RESULTS: We validated the 17 CRC-associated genes from studies by Chang et al (Model 1: 5 genes), Marshall et al (Model 2: 7 genes) and Han et al (Model 3: 5 genes) and performed the multivariate logistic regression analysis using the pooled 12 public microarray datasets as well as the external validation. The goodness-of-fit test of Hosmer-Lemeshow (H-L) showed statistical significance (P = 0.044) for Model 2 of Marshall et al in which observed event rates did not match expected event rates in subgroups of the model population. Expected and observed event rates in subgroups were similar, which are called well calibrated, in Models 1, 3 and 4 with non-significant P values of 0.460, 0.194 and 1.000 for H-L tests, respectively. A 7-gene model of CPEB4, EIF2S3, MGC20553, MS4A1, ANXA3, TNFAIP6 and IL2RB was pairwise selected, which showed the best results in logistic regression analysis (H-L P = 1.000, R2 = 0.951, areas under the curve = 0.999, accuracy = 0.968, specificity = 0.966 and sensitivity = 0.994).
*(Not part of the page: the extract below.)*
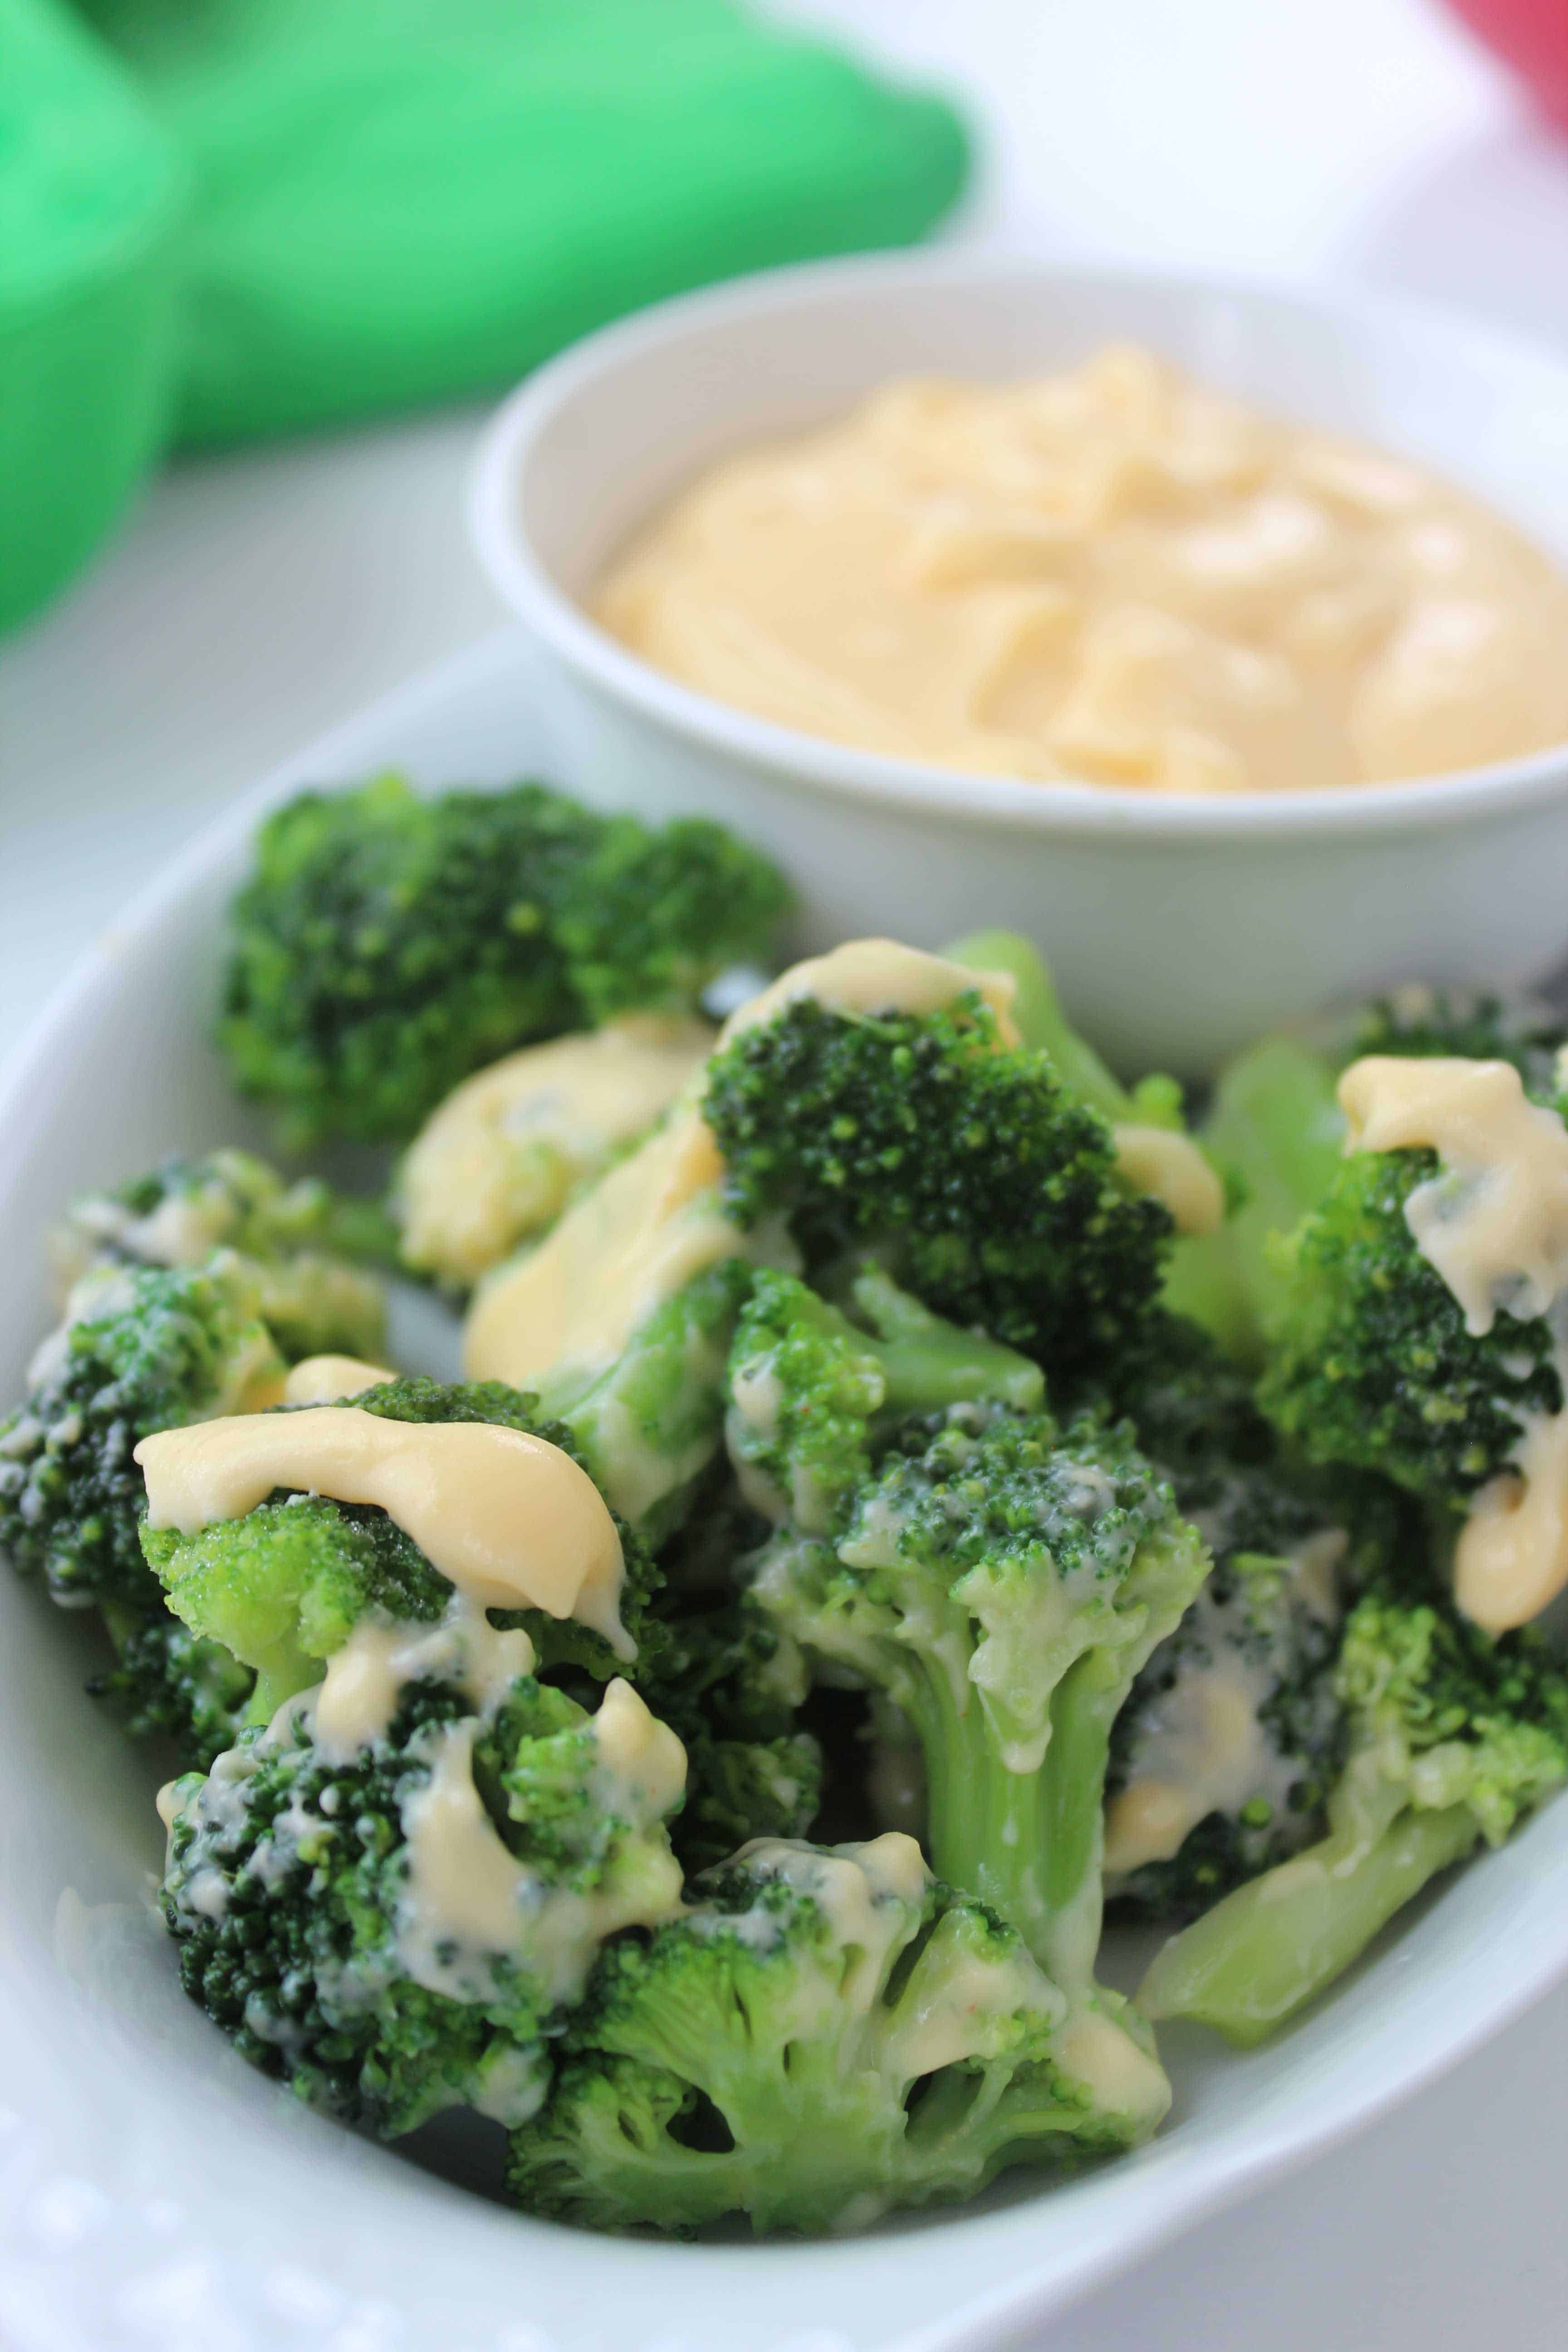 This cheddar cheese sauce recipe is easy to make and tastes great on broccoli, cauliflower, potatoes, chicken any type of vegetable bake, or makes a simple cheese sauce for pasta. Use this whenever a recipe calls for a creamy cheese sauce.

CONCLUSION: A novel gene expression profile was associated with CRC and can potentially be applied to blood-based detection assays.

Keywords: Gene expression profiles; Colorectal cancer; Microarray; Gene Expression Omnibus; Gene Expression Omnibus; Gene Expression Omnibus series

Core tip: In the future, the 7-gene (CPEB4, EIF2S3, MGC20553, MS4A1, ANXA3, TNFAIP6 and IL2RB) logistic regression model that showed the best results can be further verified for more samples. Meanwhile, the causal relations are needed to confirm among the selected genes and colorectal cancer (CRC). The expression signature of these CRC-associated genes can be evaluated for early detection of CRC. Early detection can thus improve survival in patients before symptoms are detectable, during treatment, or during remission.